Spin liquids are low-temperature magnetic phases of matter which do not spontaneously break any symmetries. Generally, some type of frustration prevents the system from adopting any particular ground state, the origin of frustration could be competing energetic interactions or can be caused by geometric arrangements of the magnetic ions which prevent any ground state from being selected, and thus the system avoids ordering, remaining "liquid like". There are both classical and quantum versions of spin liquids. Classically, they are characterized by a macroscopically large set of ground states, such as the Kagome and pyrochlore antiferromagnets, and correspondingly a non-zero entropy at very low temperatures. These systems are interesting because they exhibit interesting emergent properties: in particular, the dipolar pyrochlore magnets Dy$_2$Ti$_2$O$_7$ and Ho$_2$Ti$_2$O$_7$ exhibit emergent magnetic monopole excitations. In the quantum case, one can have a massive superposition of the degenerate classical groundstates, similar to Anderson's Resonating Valence Bond (RVB) liquid model, originally proposed to explain some of the properties of high-temperature cuprate superconductors, and these superpositions generally lead to a large amount of entanglement, meaning that the ground state is not a product state. These quantum spin liquids can have all sorts of interesting properties, and on the pyrochlore lattice can exhibit emergent Quantum Electrodynamics (QED), including an emergent photon excitation. The pyrochlore spin liquid (called quantum spin ice for reasons I won't explain here) is an example of a gapless spin liquid: the photon excitation is gapless, meaning it requires only an infinitesimal amount of energy to excite the system. Much more common are gapped spin liquids, which are easier to understand: since they are gapped, at low temperatures the ground state will be stable and excitations will be exponentially suppressed. It is then possible (using the methods originally developed to my knowledge by Xiao-Gang Wen) to integrate out the excitations and obtain a gauge theoretic model of the low-energy spin liquid phase, which can include many interesting topological properties. A famous example is the Kitaev spin liquid, which has anyonic excitations.

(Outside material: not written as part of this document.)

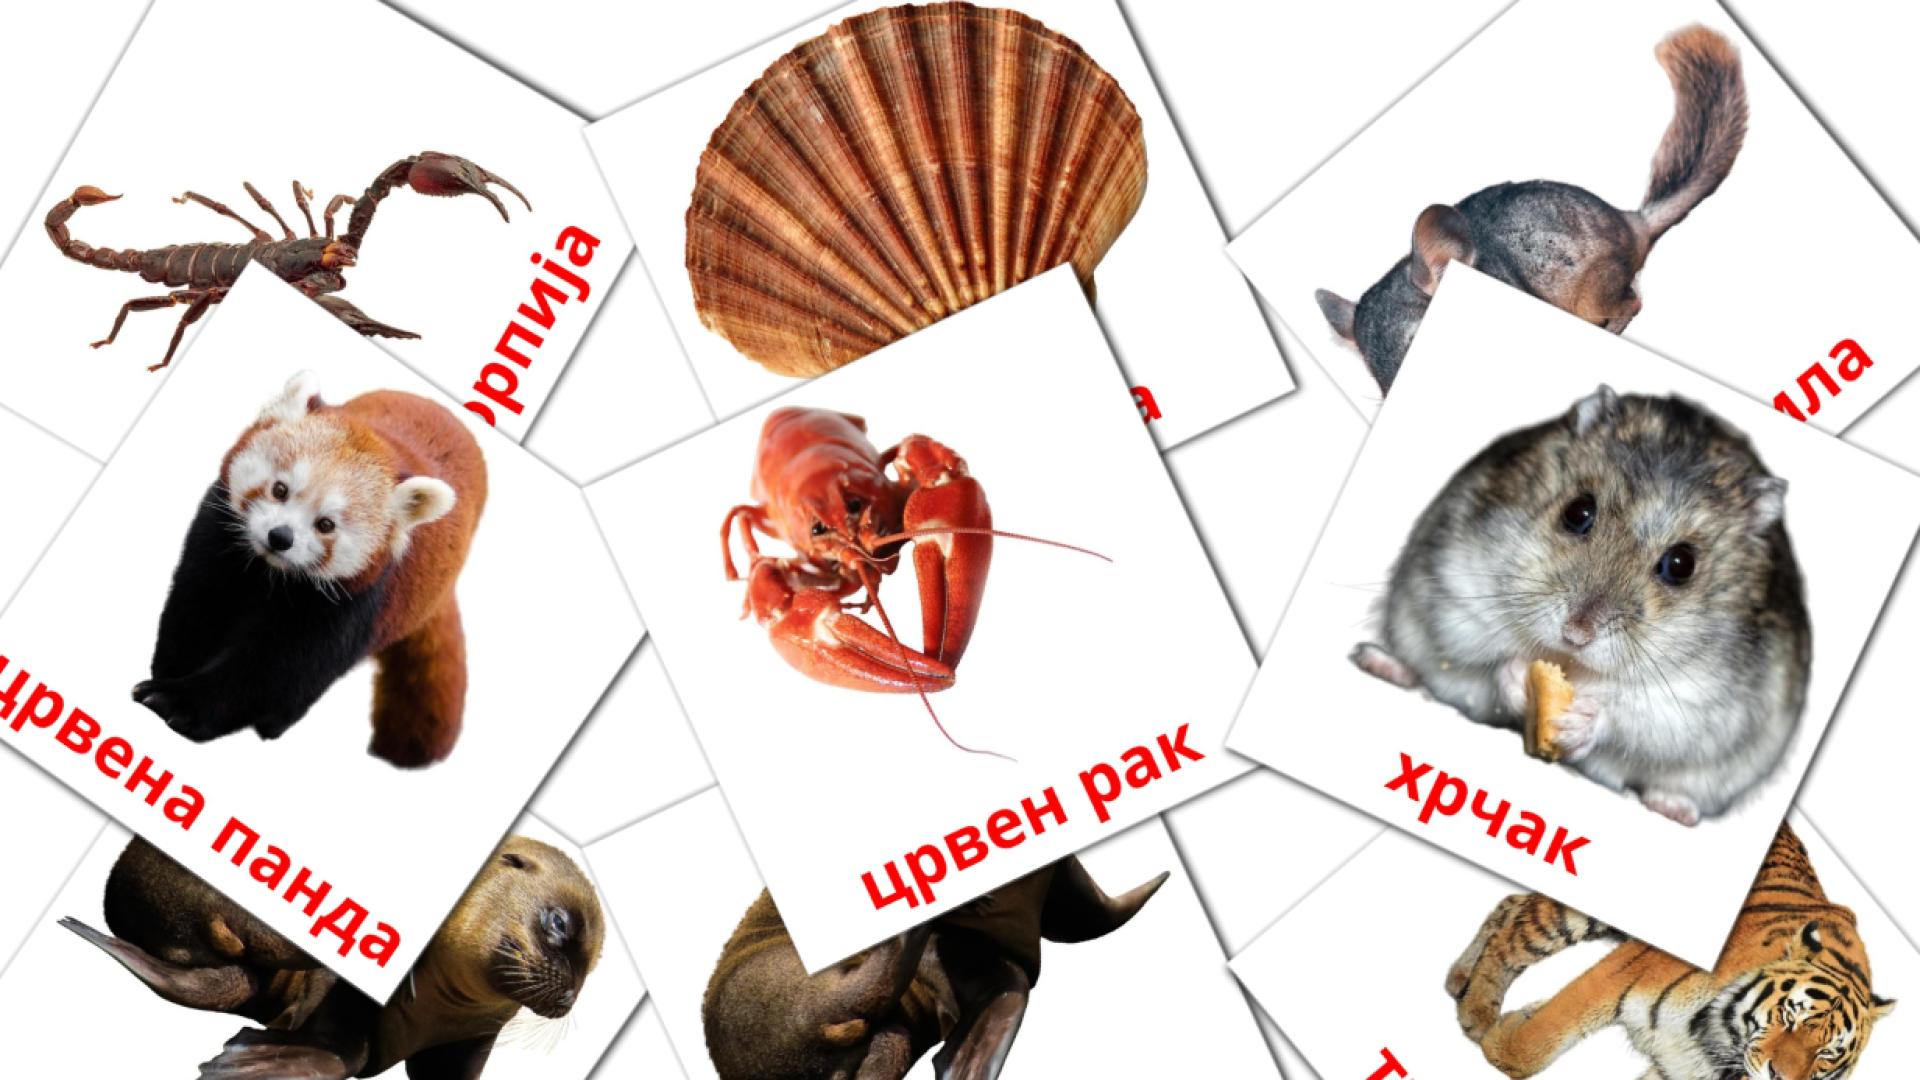 Mazedonisch Животниe Vokabelkarteikarten

The key to spin liquid physics is that the ground state is highly entangled and does not break any symmetry, in contrast to systems like ferromagnets whose ground states are symmetry broken states. Understanding the nature of the ground state wavefunction allows one to understand the low-lying excitation spectrum and describe the low-temperature physics.

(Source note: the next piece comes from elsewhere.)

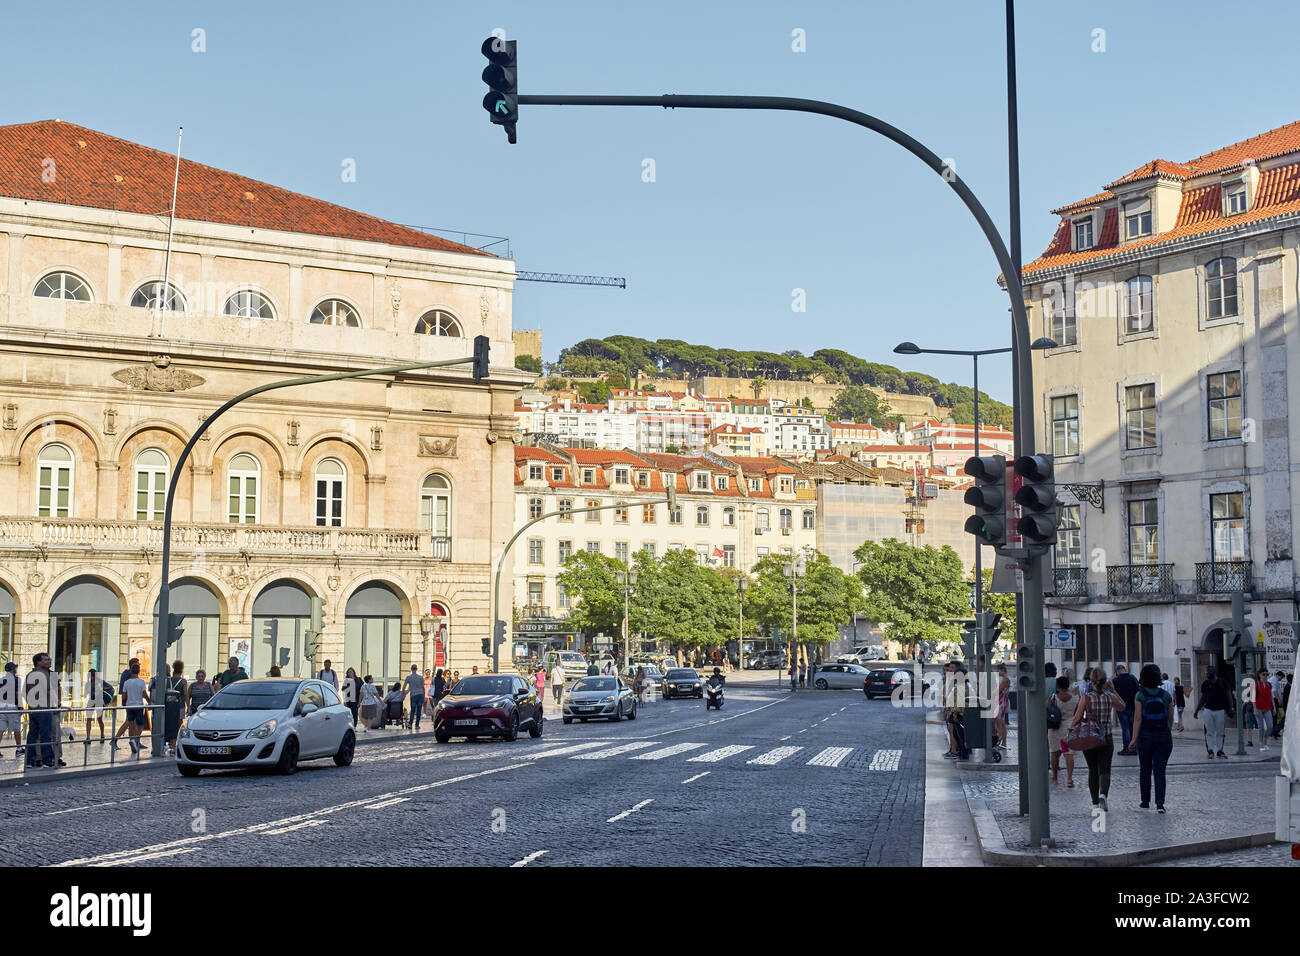 Lisbonne, Portugal - 29 août 2019 : façades de bâtiments traditionnels dans le centre historique de Lisbonne Banque D'Images

One can also study quantum phase transitions: zero-temperature phase transitions which occur as an external variable such as magnetic field or pressure are varied. These are entirely described in terms of the change in the ground state of the system at some critical value of the external control parameter, a simple example being the transverse field Ising model.

Symmetry broken groundstates are also of interest and are plentiful and easy to find. The simplest example probably is the ferromagnet, which has a global spin rotation symmetry which is spontaneously broken at the critical temperature as the system orders. The ground state of a ferromagnet is a simple product state (all spins point in the same direction, i.e. an effectively classical state), which by itself is unremarkable, but one can still understand the low energy excitations (magnons) once one knows the ground state. Some more complicated quantum examples of symmetry broken phases are superfluids, (BCS) superconductors, and Bose-Einstein Condensates (BEC's). Both superfluids and BCS superconductors can be thought of as BEC's in a way, in that they are "adiabatically connected to" a BEC state, i.e. I can "continuously deform" the ground state wavefunction to reach a BEC wavefunction. Again, for the purposes of understanding the low-energy physics, understanding the ground state is crucial, as it contains much of the interesting useful information for understand the low-energy properties of these systems.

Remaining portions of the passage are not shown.